Judging by the latest edition of GRIT text analytics are fast moving toward being one of the most popular market research techniques. Rapidly quantifying survey feedback, translating raw qualitative data into actionable quantitative information, discerning between positive and negative, extrapolating survey themes, keyword density analysis and semantic awareness all feature in the current exploratory trends in text analytics.
It is a precise and difficult semantic science. Text analytics software platforms must be able to understand the textual difference between different strands of unstructured data whilst negating the irregularities of human input. Participants, in some cases, will deliver a vast tranche of qualitative data if given the opportunity. Automating time consuming processes such as text analysis are seen as a way of freeing up researchers whilst simultaneously feeding the data machine, expanding on the amount of data available for analysis. The platforms that currently exist are all consistently in development. Small facets of human input can interrupt text analytics – hyphens, periods, irregular syntax – so the ongoing goal for the text analysis community is establishing 99.9% perfect analytics software.
Wearable technologies are not entirely shaping the research landscape, but as the wearables operating market expands from Google Glass and heartrate/fitness monitors into all manner of clothing, fashion, jewellery and lifestyle must-have’s, the practical applications of wearable technologies become more apparent for market researchers. The very nature of wearable technologies open up the vast potential of biometric measurement and analysis of willing participants, not only for market research, but for medicine, safety and security, communication, fashion, design, automation and many, many more existing and prospective markets.
Gathering implicit data through biometric measuring is a delicate subject for market researchers, always striving to maintain the privacy of their participants and their data.
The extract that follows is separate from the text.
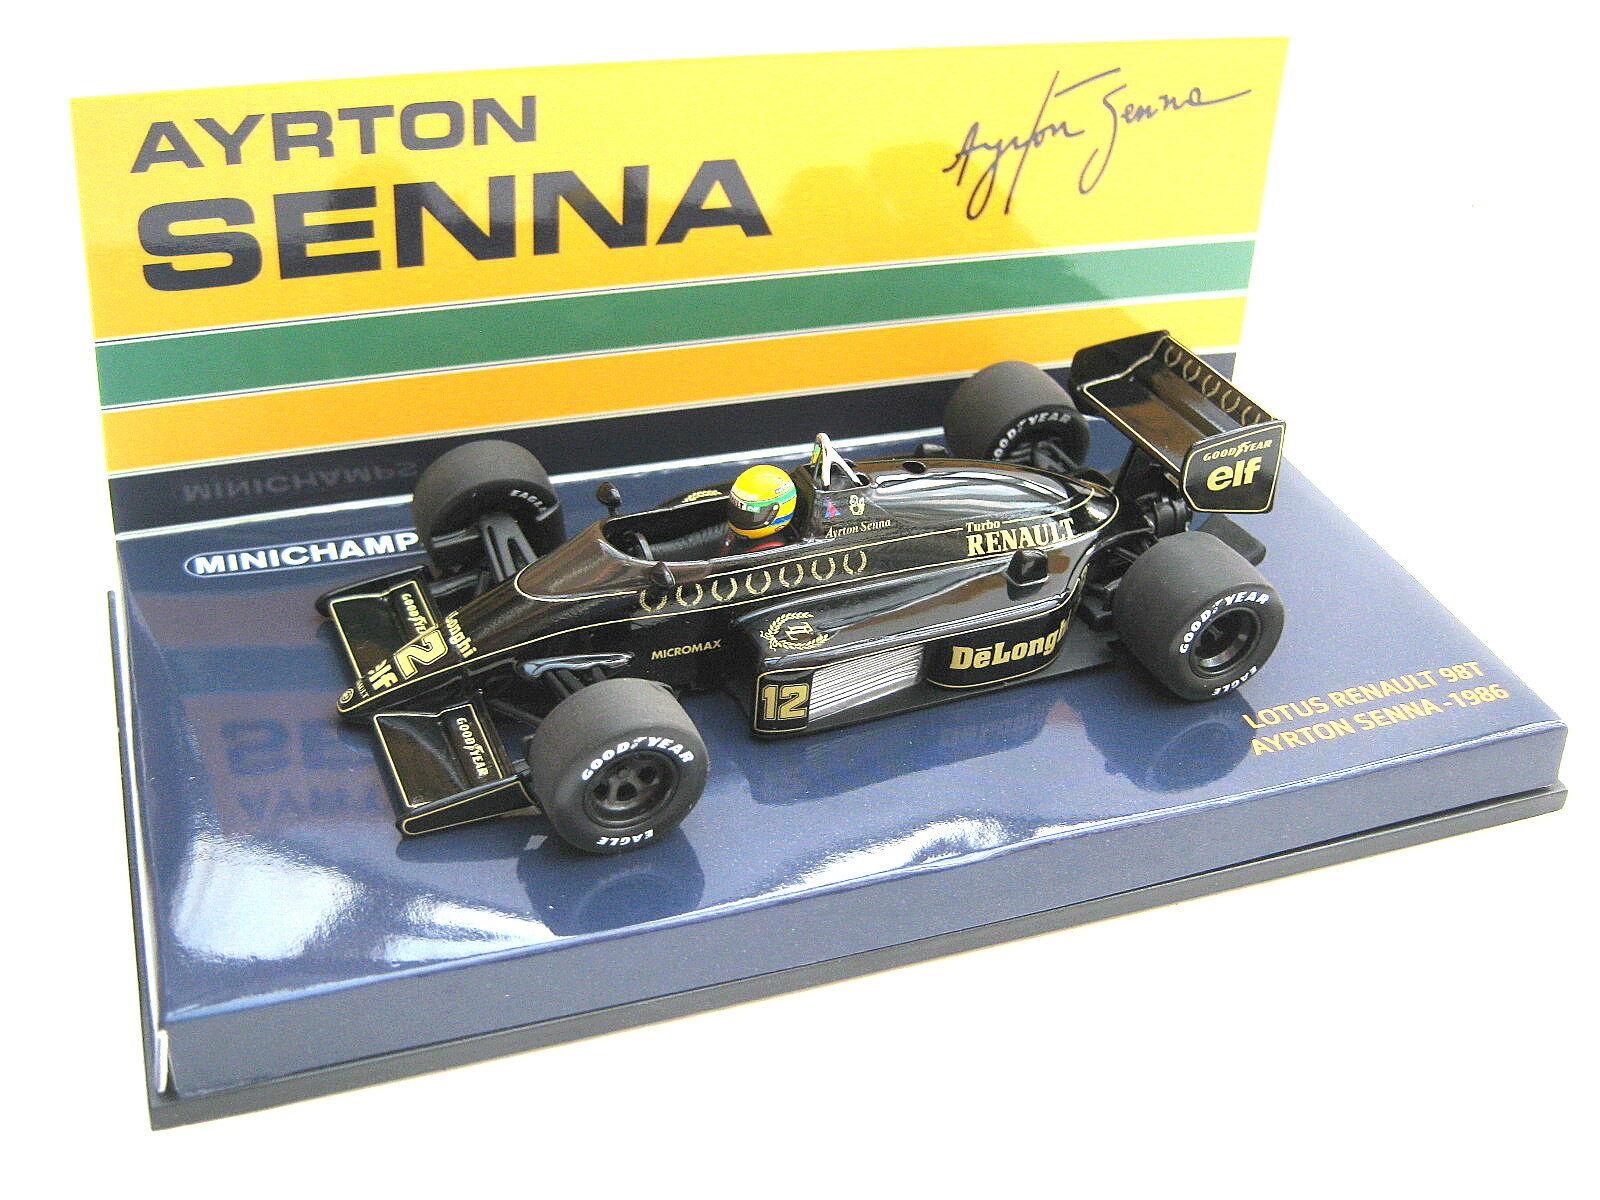 Lotus Renault f1 98 T Ayrton Senna 1986  12 World Champion PMA 540864312 1 43 neuf dans sa boîte
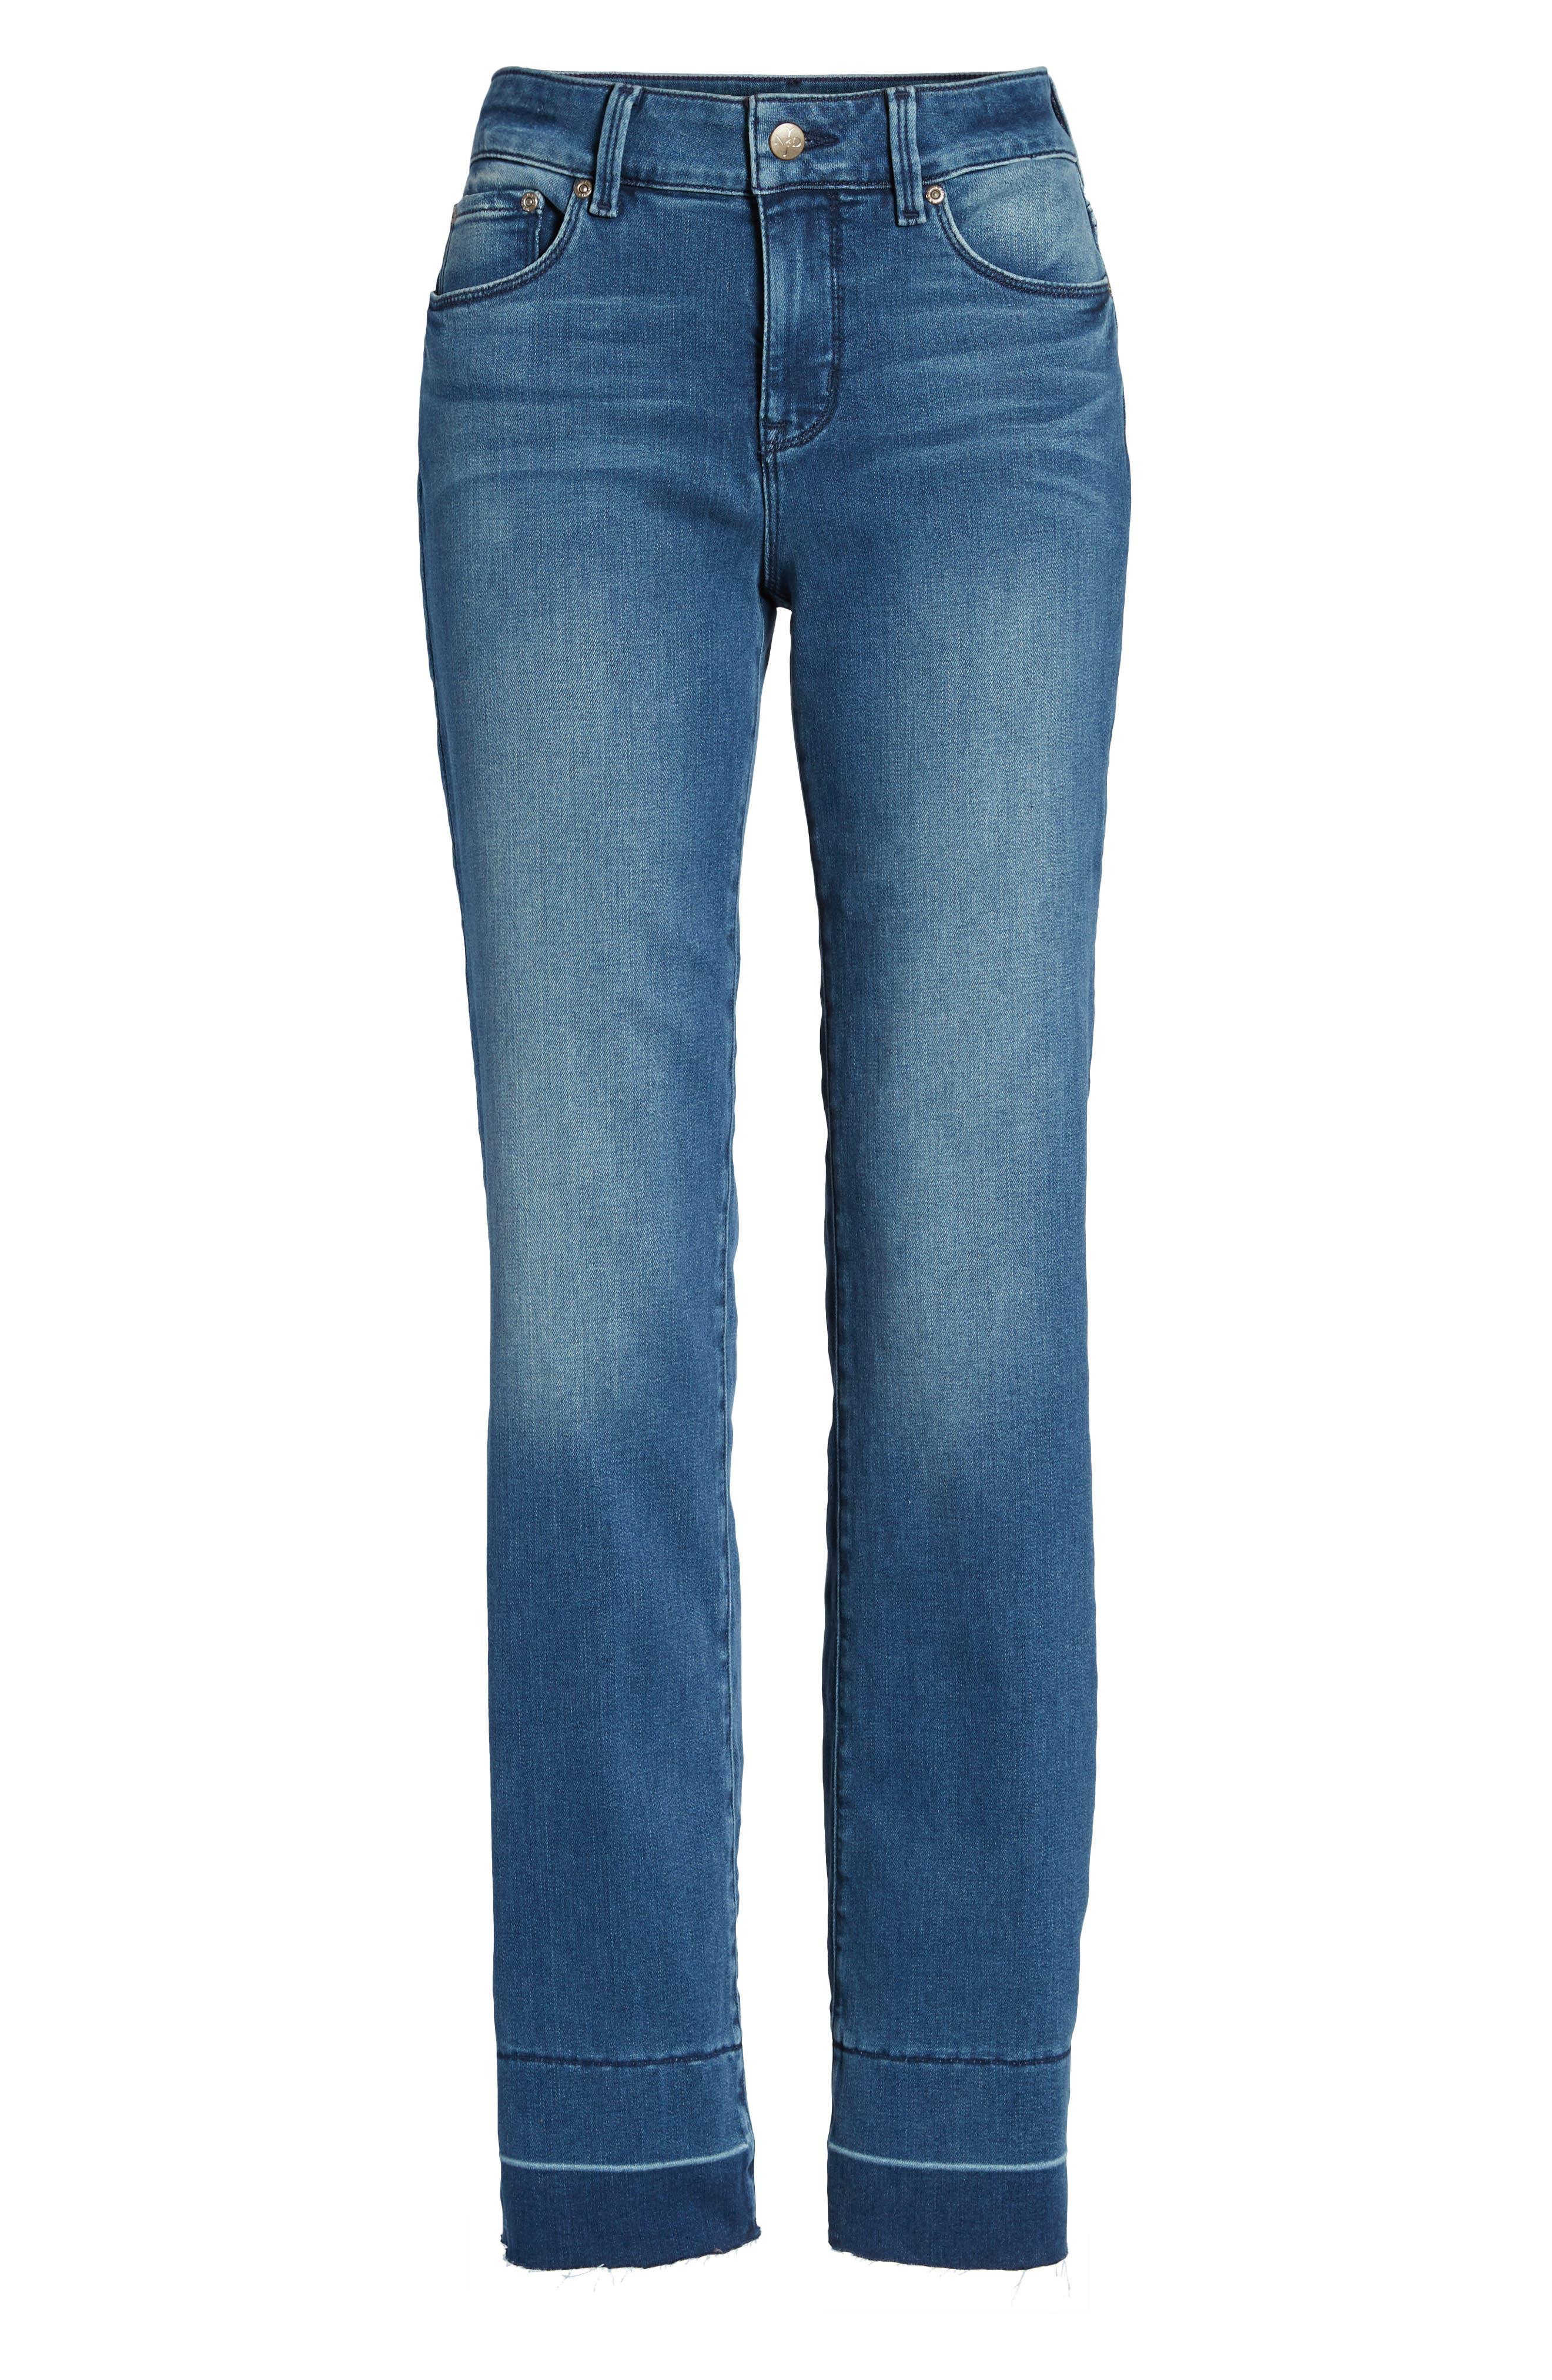 Marilyn Release Hem Stretch Straight Leg Jeans,                             Alternate thumbnail 7, color,                             410

Whilst the mobile wave has allowed market researchers to assimilate further with their participants we still resolve to understand the physiological factors at play in decision making processes. Instant mobile surveying has increased immediate insights, but many potential participants respond with ‘cant say/wont say’ answers. Being able to instantly contextualise a set of answers with a biometric readout delivered through wearable technologies explores the behavioural root of decision making, granting market researchers an outstanding insight tool.
We cannot write an article concerning market research trends and leave out the humble survey. The survey has come under scrutiny this year. Declared dead in some parts, the survey has morphed with the market research industry. Surveying participants immediately following a transaction or actionable moment drops the researcher into the pocket of the individual. However, mobile must remain exactly that: mobile. Participants on the move, shopping, lunching and networking don’t want a 20 question survey following each action. It is distracting and time consuming in our digitised society. Micro-surveys now provide ample data feedback for situation questionnaires and participants utilising smart-devices can further their feedback using the full range of rich-media inputs available in the palm of their hand.
It’s no wonder that 64% of GRIT respondents indicated their current usage of mobile surveys, with only 1% indicating they ‘don’t expect to use’ the technology. That’s a rise of 13% since the last GRIT survey placing mobile surveying firmly at the top of the trending technologies pile.
Yes, indeed. There is always more to come!
Here is a quick list of additional technologies and data capturing techniques that haven’t quite trended – yet:
Not every technology will appeal entirely to your business model. And of course, you may not need to adapt the traditional market research techniques you know so well. But the industry is shifting, as are the expectations of clientele as their exposure to technology and the insight it can garner increases. Keeping one eye on the future is always wise!